Physical characteristics
- • location: Železnec
- • location: Vardar
- • coordinates: 41°33′18″N 21°58′49″E﻿ / ﻿41.55500°N 21.98028°E
- Length: 207 km (129 mi)

Basin features
- Progression: Vardar→ Aegean Sea

= Crna River (Vardar) =

The Crna River (Macedonian: Црна Река ;"Black River"), also known in English as Cherna (Черна), (Note: The river is known in English also as the Cherna. English name derived from the "Battle of the Cherna River bend" during WWI; Битка при завоя на Черна.) is a river in North Macedonia. It is a right tributary of the Vardar River. It runs through much of the south and west of the country. Its source is in the mountains on the western part of North Macedonia, northwest of Demir Hisar.

It enters the Pelagonia valley at the village of Buchin and then flows through the village Sopotnica, and southwards through the plains east of Bitola. At Brod (Novaci Municipality) it turns northeast. It leaves the Pelagonia valley at the Staravina village and goes in the biggest canyon in North Macedonia, the Skočivir valley and flows into the Vardar River between Rosoman and Gradsko.

Thus, the river makes a bend of almost 180 degrees east of Bitola. This bend was part of the Macedonian front in World War I. It was known to the allied forces as the Cerna Bend or Cerna Loop, and two major battles were fought here: the Battle of the Crna Bend (1916) and the Battle of the Crna Bend (1917).

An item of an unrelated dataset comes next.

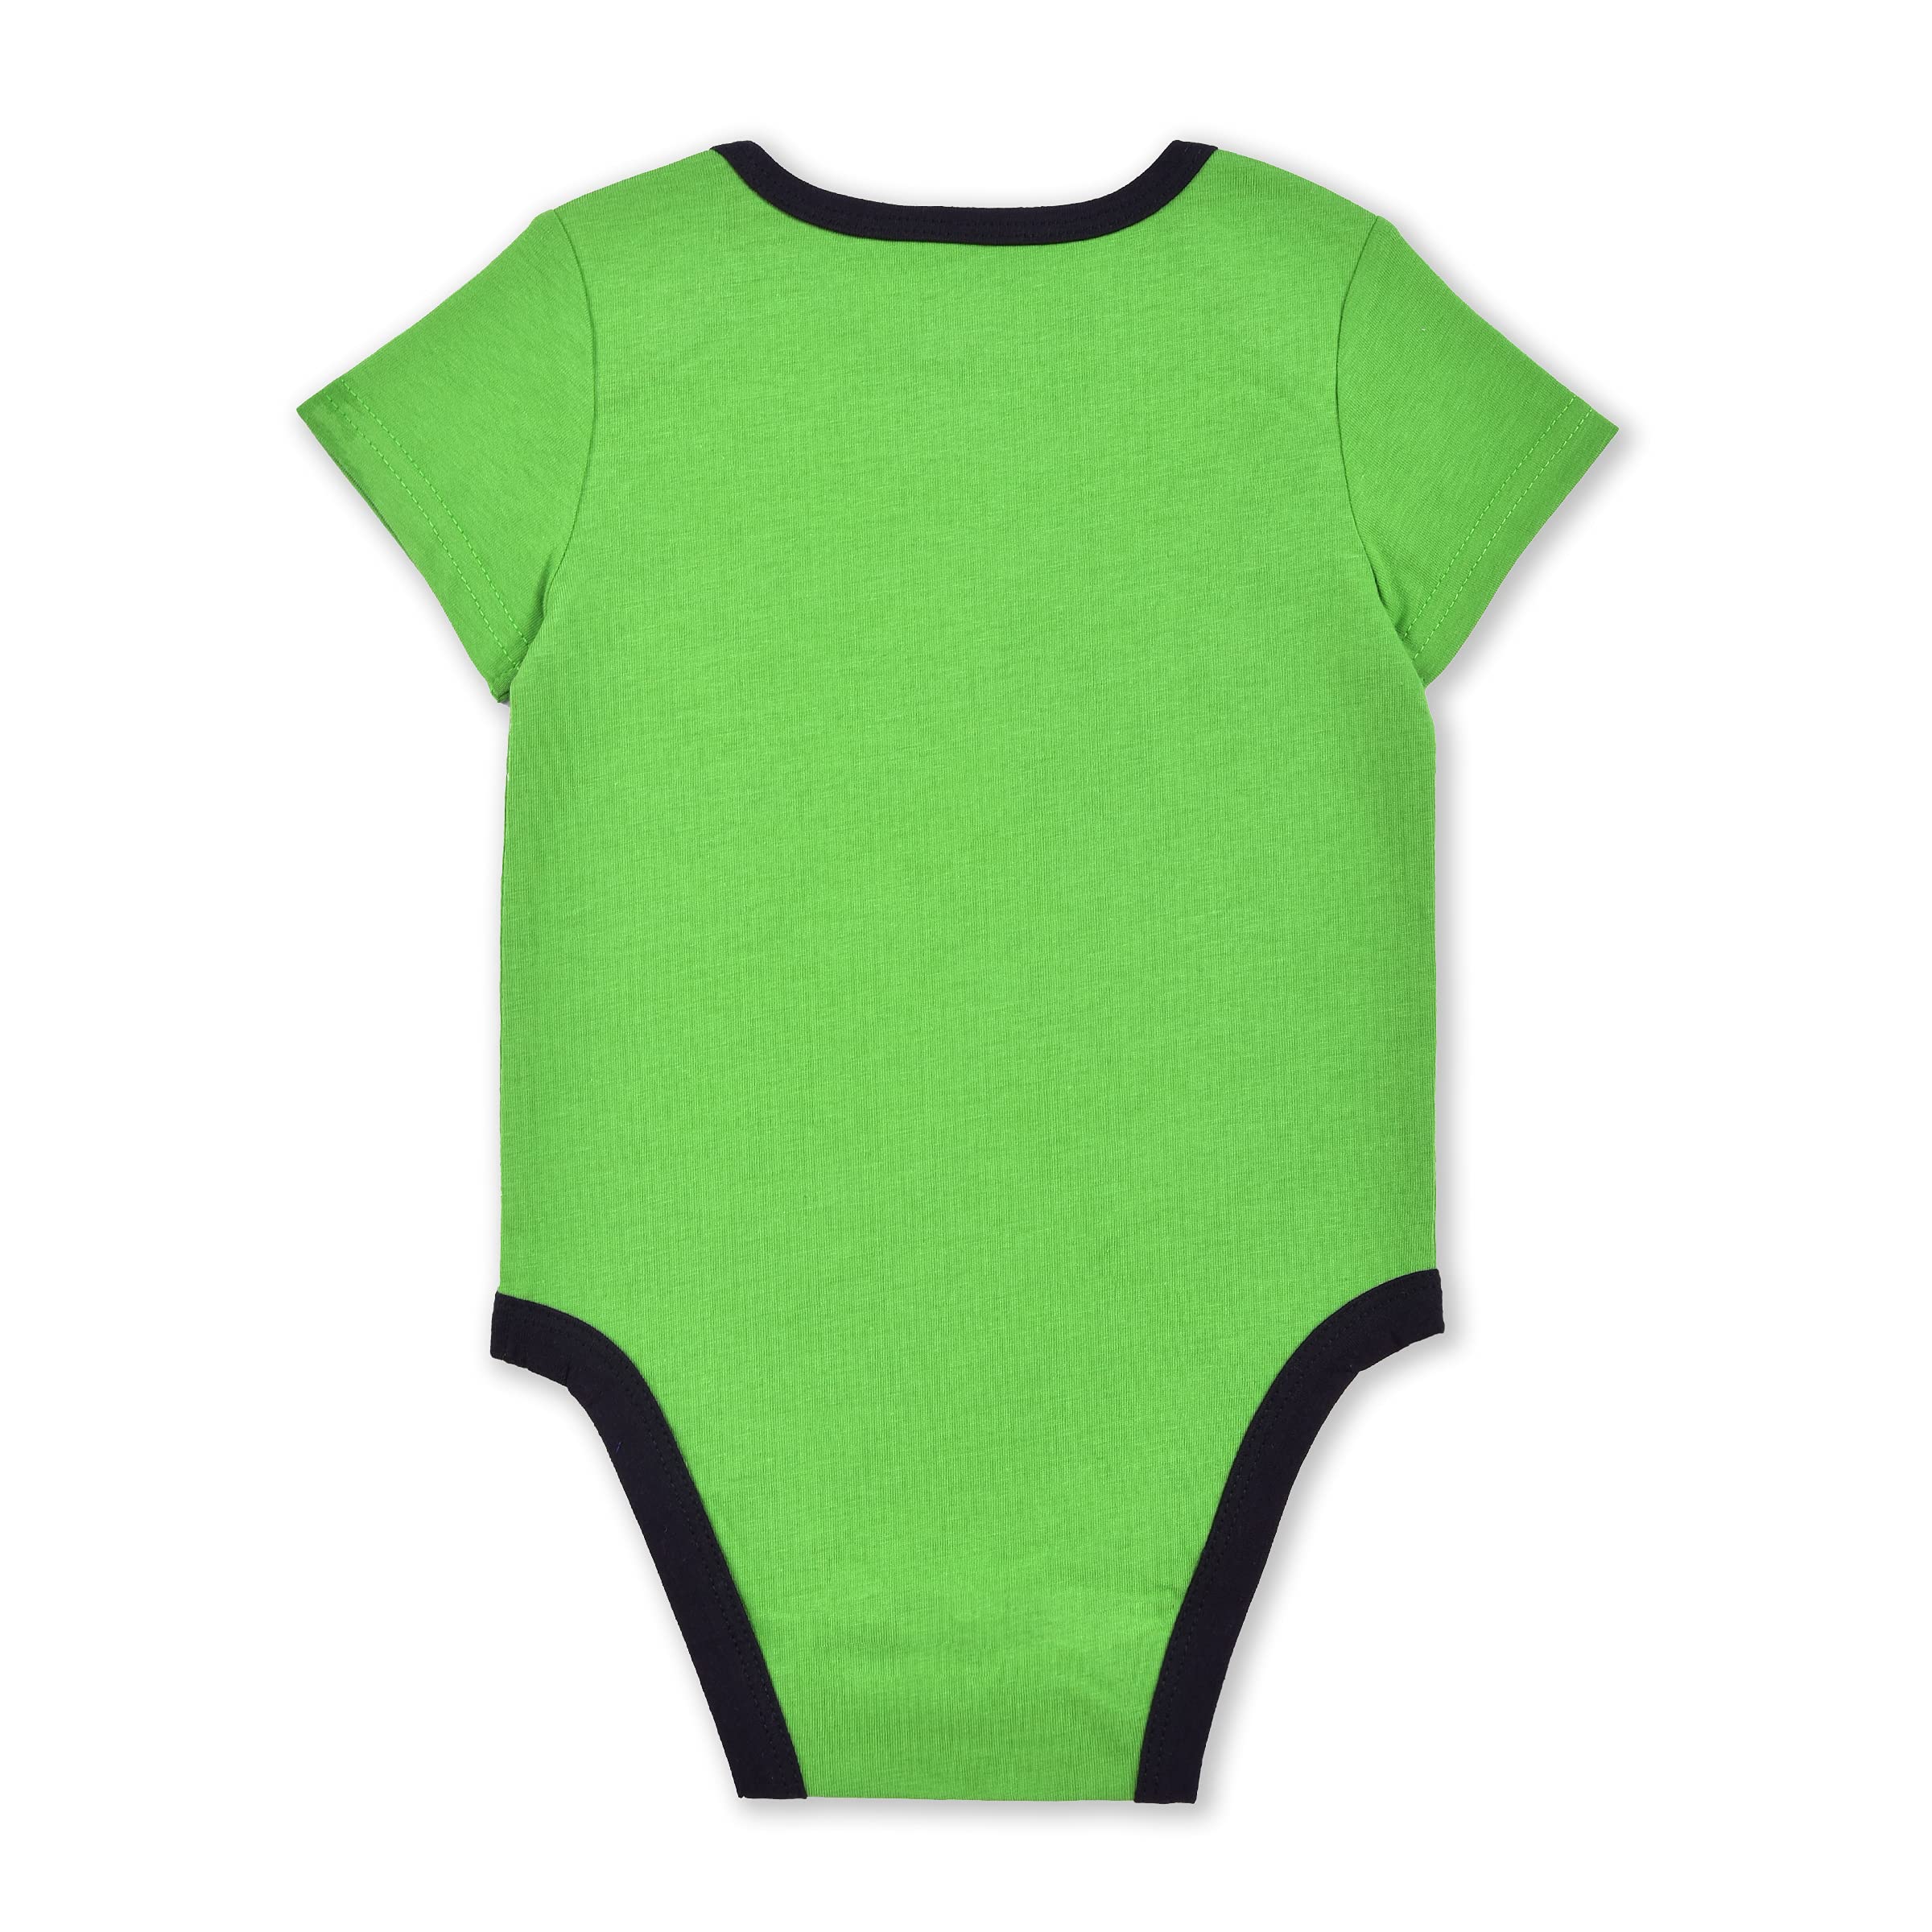 Disney Toy Story Boys Woody, Buzz Lightyear and Rex 3 Pack Bodysuit Creeper for Newborn and Infant – Yellow/Green/White

The name Crna Reka means "Black River" in Macedonian, a translation of its earlier Thracian name, Erigon (Ἐριγών), meaning "black", akin to Greek érebos, "darkness"; Armenian erek, "evening"; Old Norse røkkr, "darkness"; Gothic riqis, "darkness"; Sanskrit rájas, "night"; and Tocharian B orkamo, "dark".

The Erigon River is mentioned by Arrian in the Anabasis of Alexander, Livy in the History of Rome Strabo in the Geographica, Athenaeus in the Deipnosophistae.

The Roman provincial capital of Stobi sat at the intersection of the Vardar and the Crna.